Overall, the researchers proposed that displacement of the helix was essential for forming poxvirus scaffold, and likely acted as a trigger for the assembly to begin.
“When the poxvirus replicates inside cells, the scaffold forms in association with a lipid membrane,” explained Prof. Wolf. “The helix structure is hydrophobic, which means that it would shift towards to the water-free environment of the lipid membrane, freeing up the pocket where the D13 proteins interact.”
The discovery of the helix’s role in assembly could be a promising new avenue of research for antiviral drug discovery, emphasized Prof. Hyun.
“If we can design a drug that binds really strongly into the pocket where the helix usually sits, it would interfere with formation of the scaffold,” he said. “This is one of my next goals.”
Assembly mechanism of the pleomorphic immature poxvirus scaffold. Nature Communications, 31 March 2022.
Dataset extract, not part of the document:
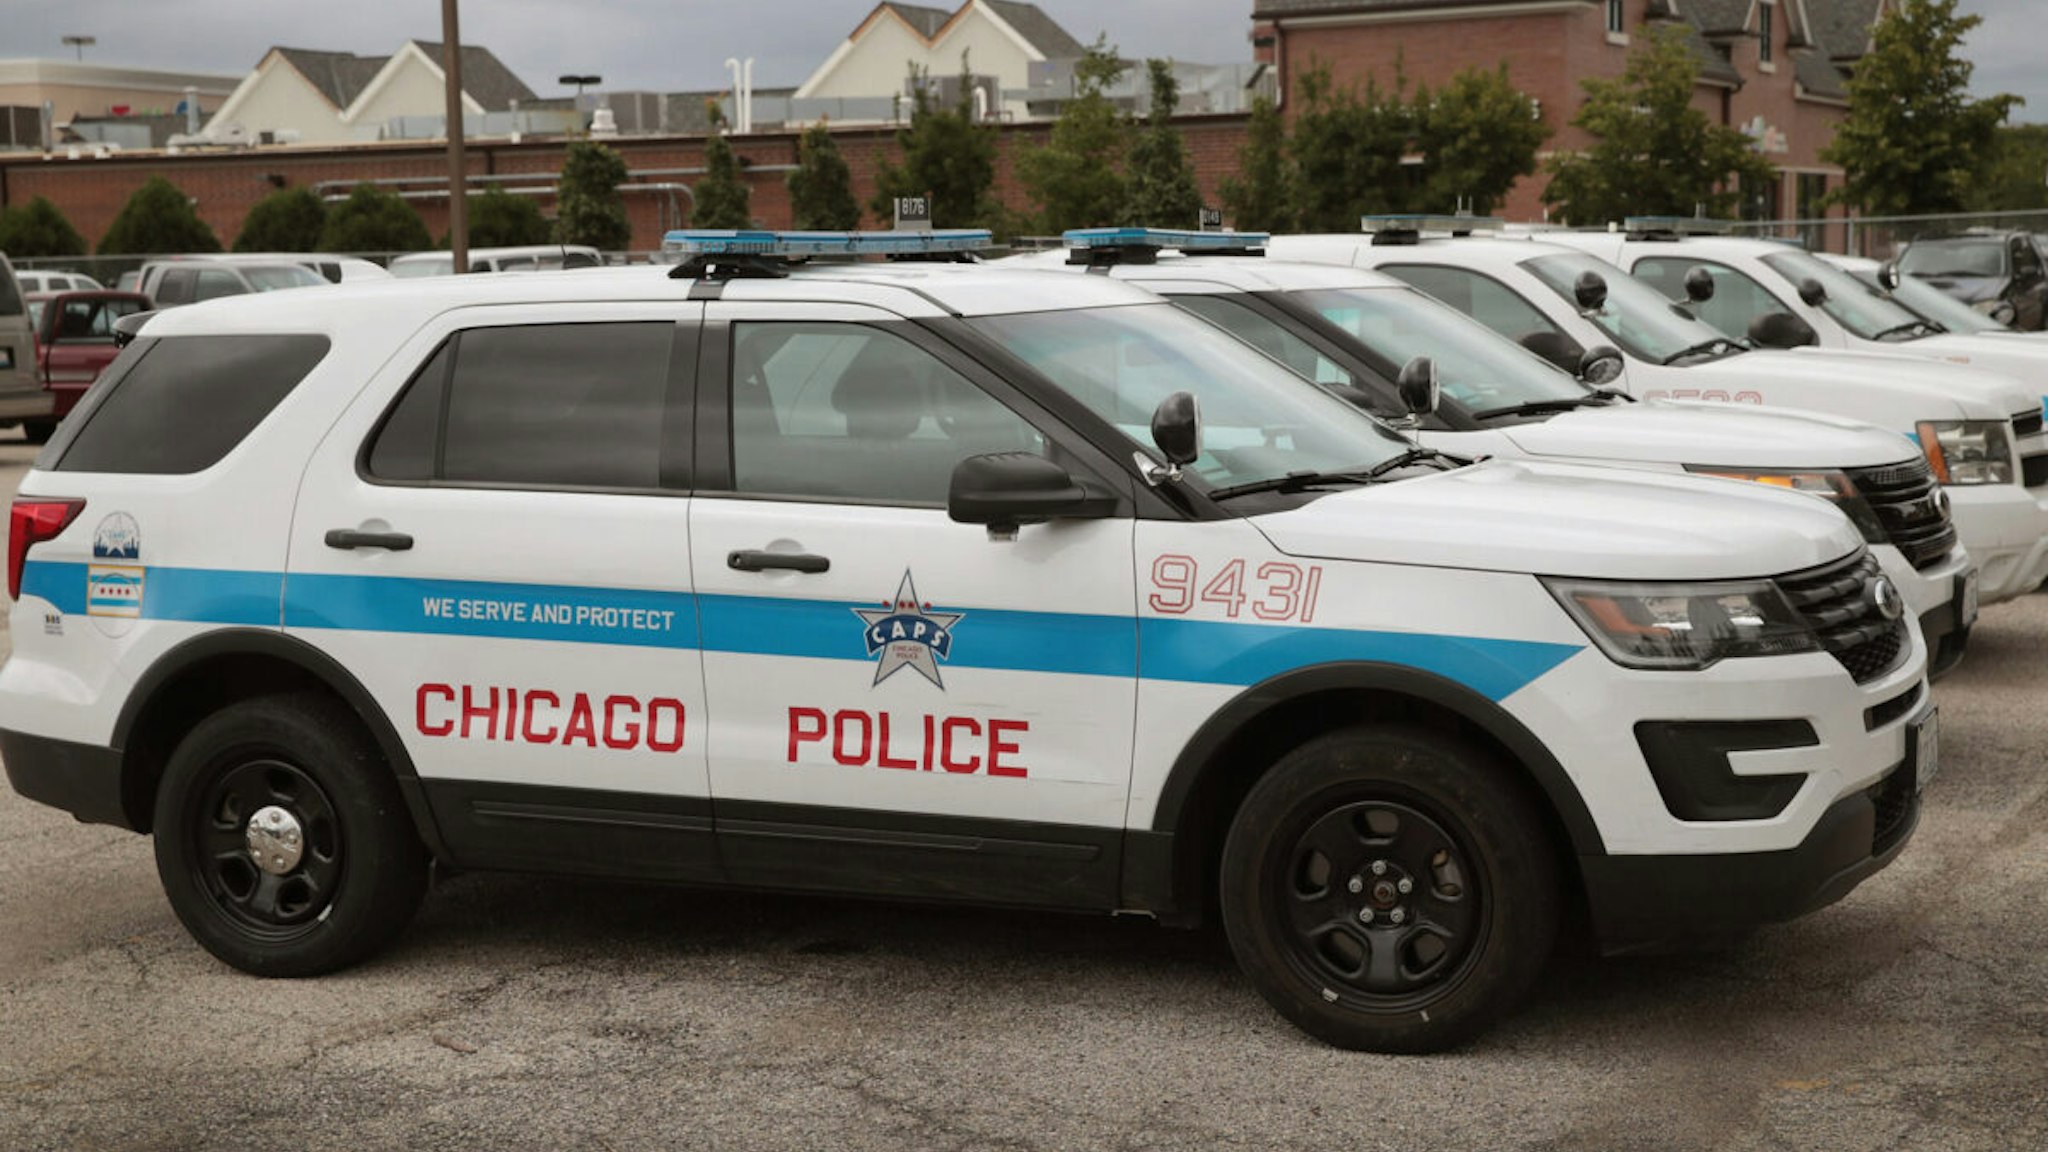 Ford Explorer based Police Interceptors sit in a police station parking lot on August 4, 2017 in Chicago, Illinois.

In Vaccinia virus (VACV), the prototype poxvirus, scaffold protein D13 forms a honeycomb-like lattice on the viral membrane that results in formation of the pleomorphic immature virion (IV). The structure of D13 is similar to those of major capsid proteins that readily form icosahedral capsids in nucleocytoplasmic large DNA viruses (NCLDVs). However, the detailed assembly mechanism of the nonicosahedral poxvirus scaffold has never been understood. Here we show the cryo-EM structures of the D13 trimer and scaffold intermediates produced in vitro. The structures reveal that the displacement of the short N-terminal α-helix is critical for initiation of D13 self-assembly. The continuous curvature of the IV is mediated by electrostatic interactions that induce torsion between trimers. The assembly mechanism explains the semiordered capsid-like arrangement of D13 that is distinct from icosahedral NCLDVs. Our structures explain how a single protein can self-assemble into different capsid morphologies and represent a local exception to the universal Caspar-Klug theory of quasi-equivalence.